COLLECTED MATERIAL START

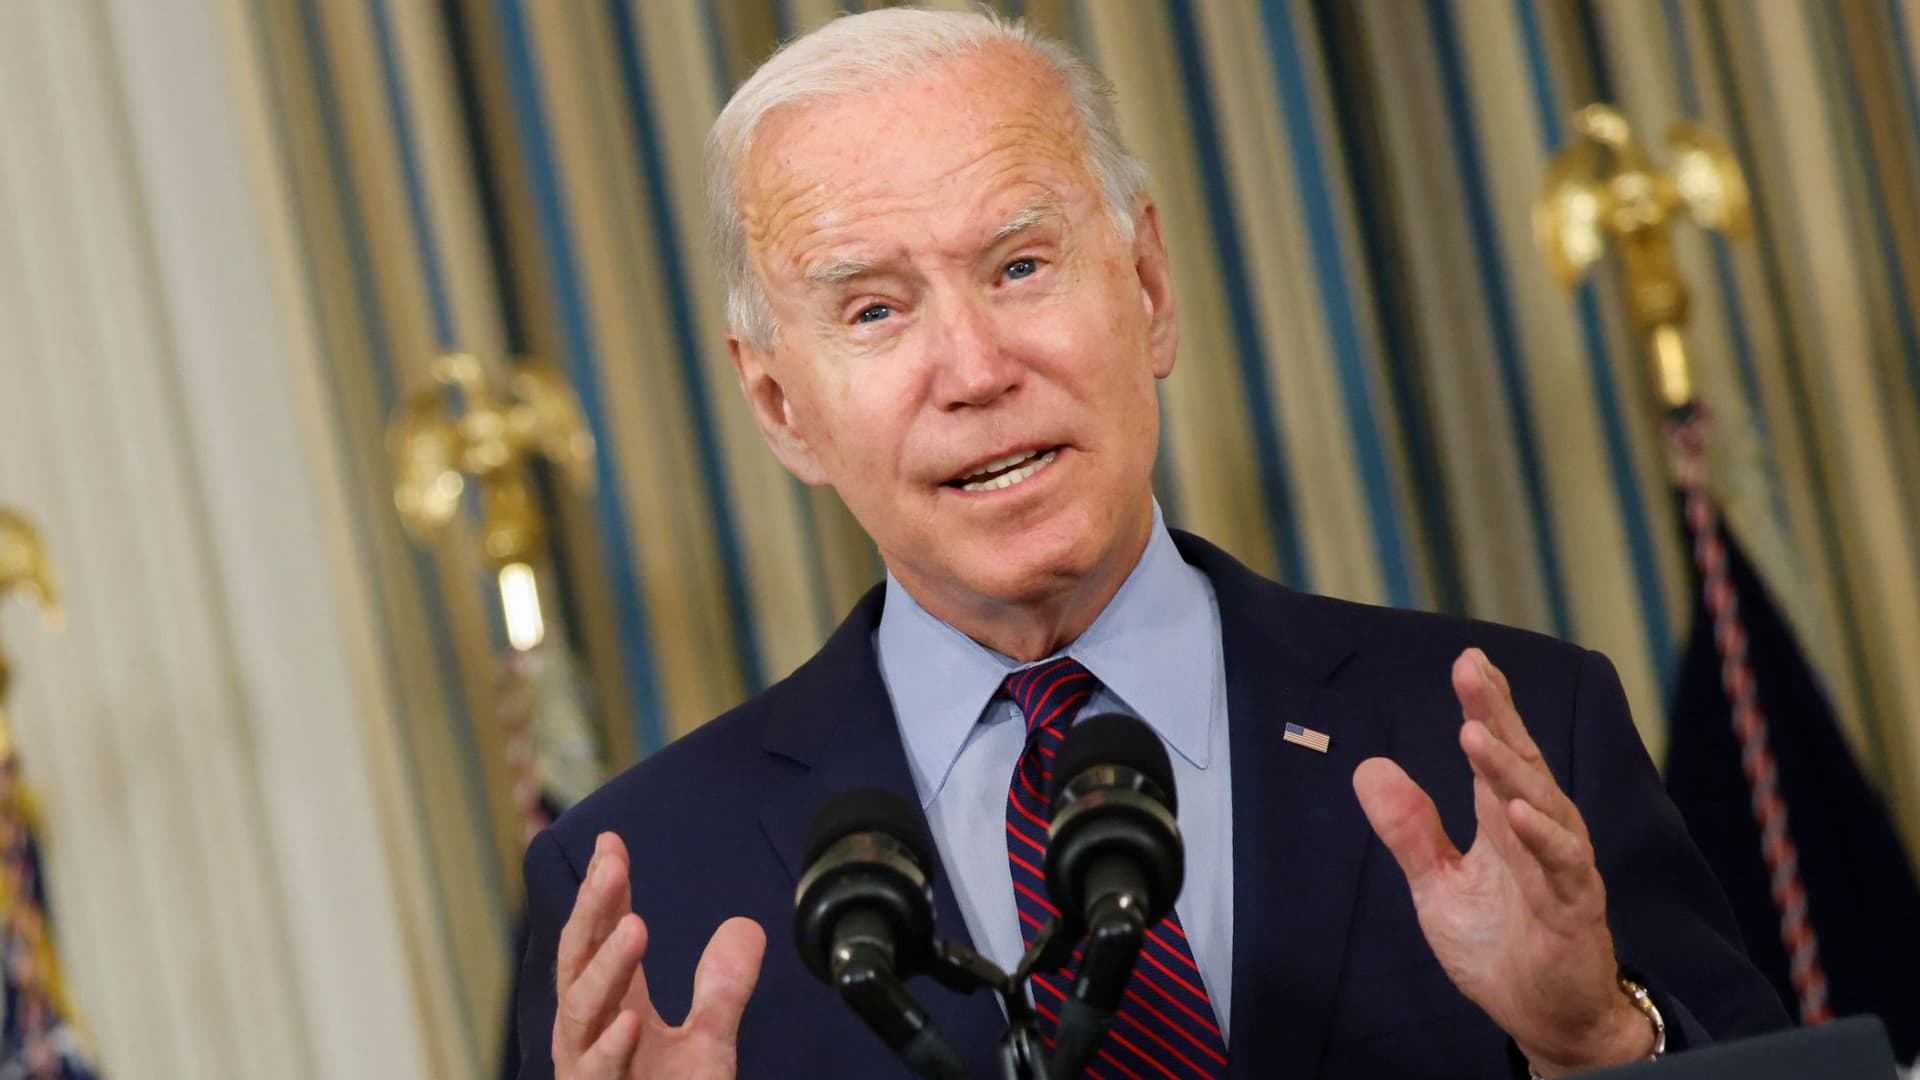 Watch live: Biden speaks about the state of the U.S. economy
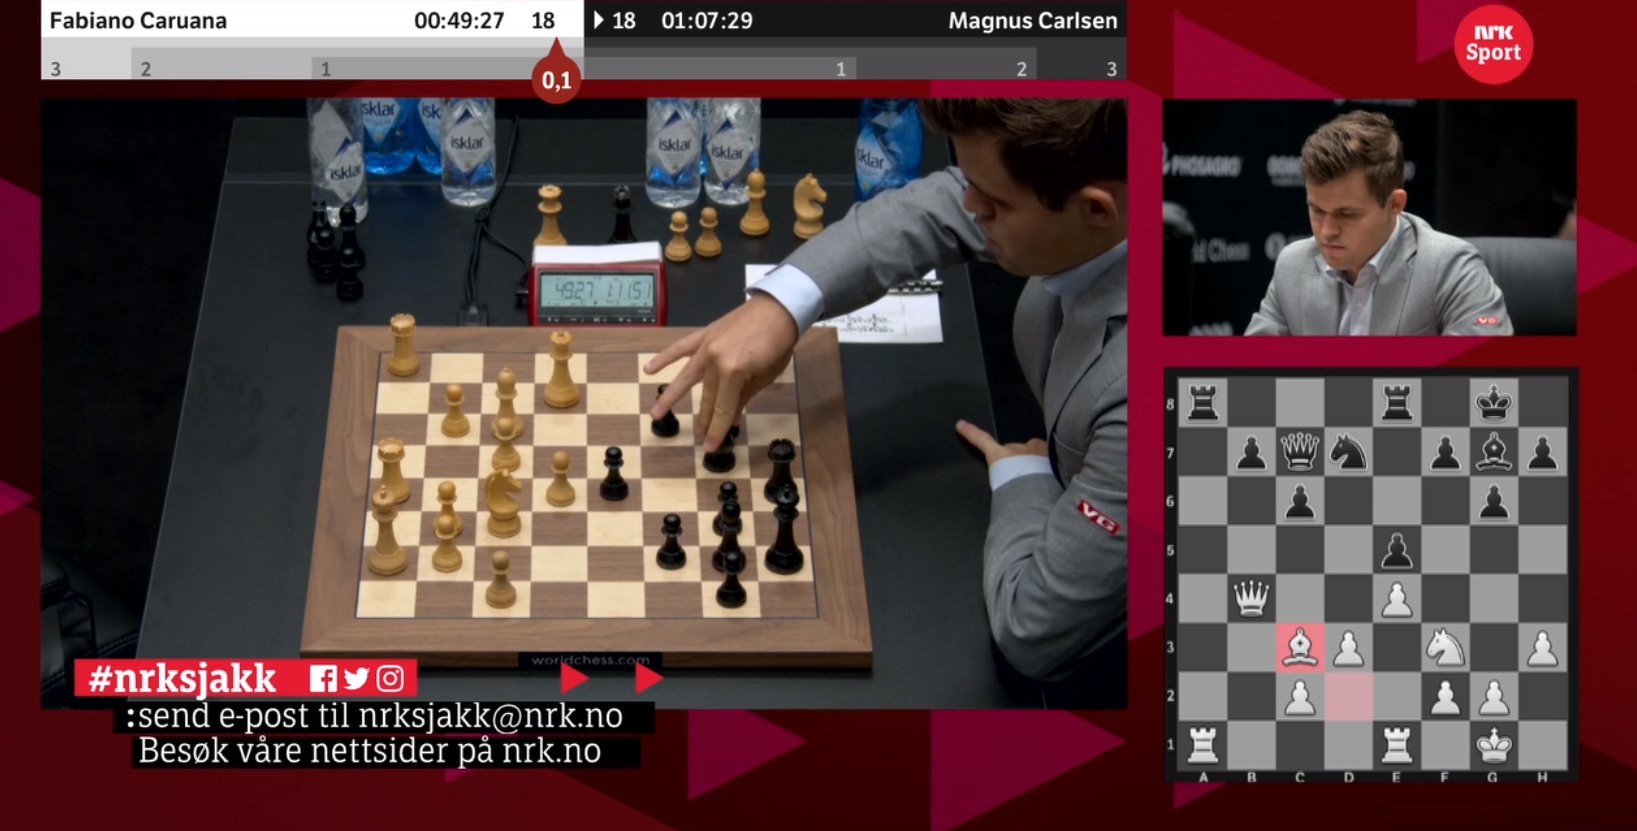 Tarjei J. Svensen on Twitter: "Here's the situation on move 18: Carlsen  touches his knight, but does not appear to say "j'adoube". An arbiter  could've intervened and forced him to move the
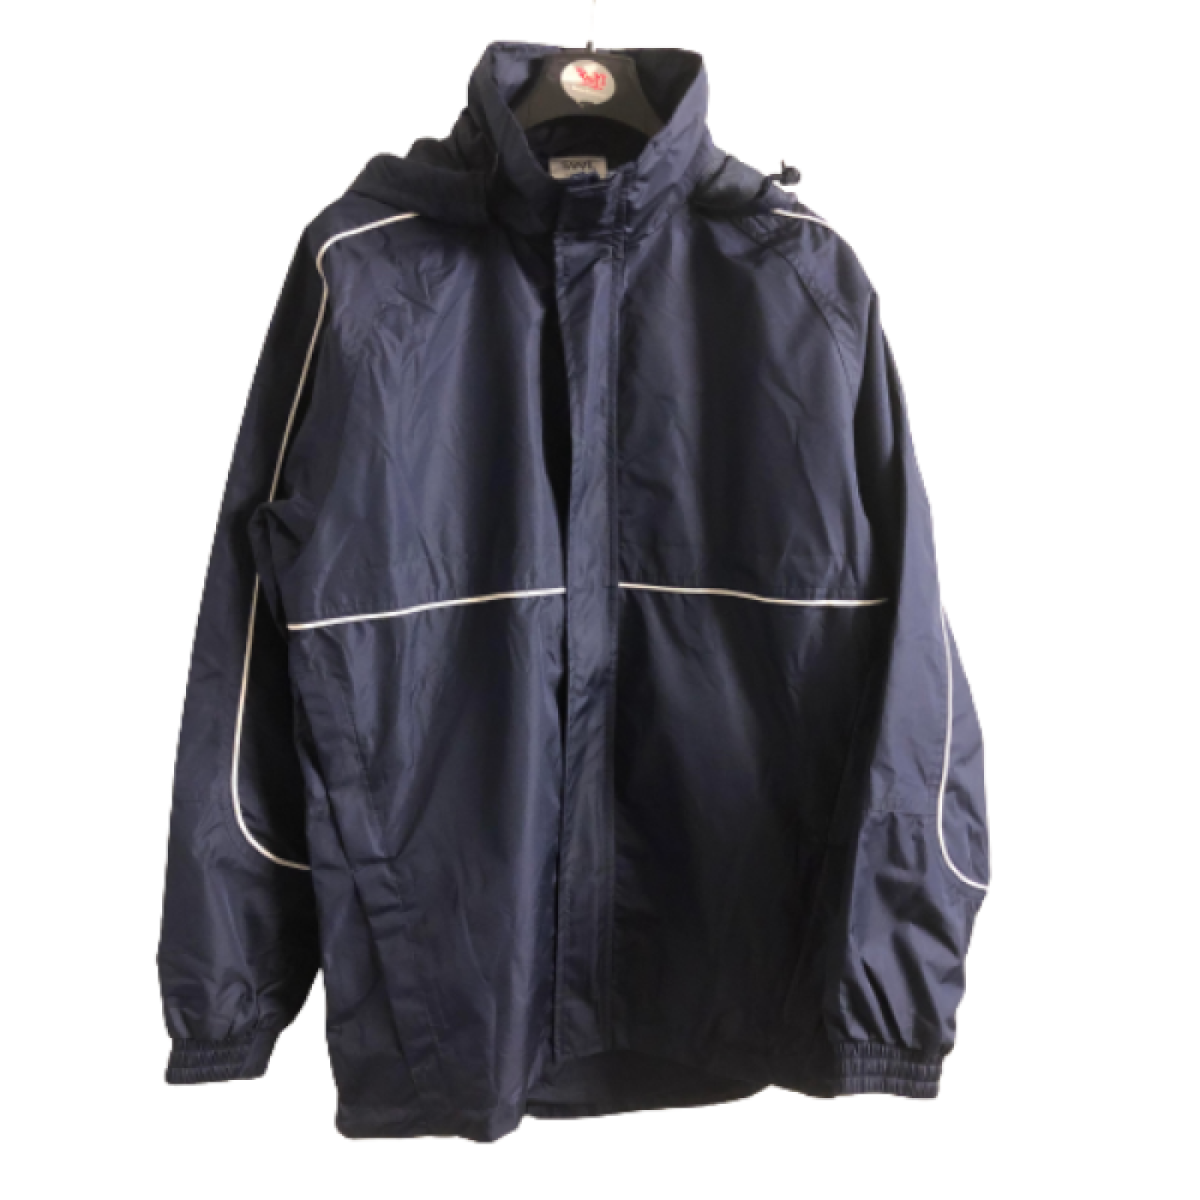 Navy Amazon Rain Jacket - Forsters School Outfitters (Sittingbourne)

COLLECTED MATERIAL END

INSTRUCTIONS TO FOLLOW
Write out the lines of the listing from the one that holds "Tarjei J. Svensen" to the very last line, both included, exactly as they appear and without any pictures.

RESULT OF THIS TASK
 Tarjei J. Svensen on Twitter: "Here's the situation on move 18: Carlsen  touches his knight, but does not appear to say "j'adoube". An arbiter  could've intervened and forced him to move the
 Navy Amazon Rain Jacket - Forsters School Outfitters (Sittingbourne)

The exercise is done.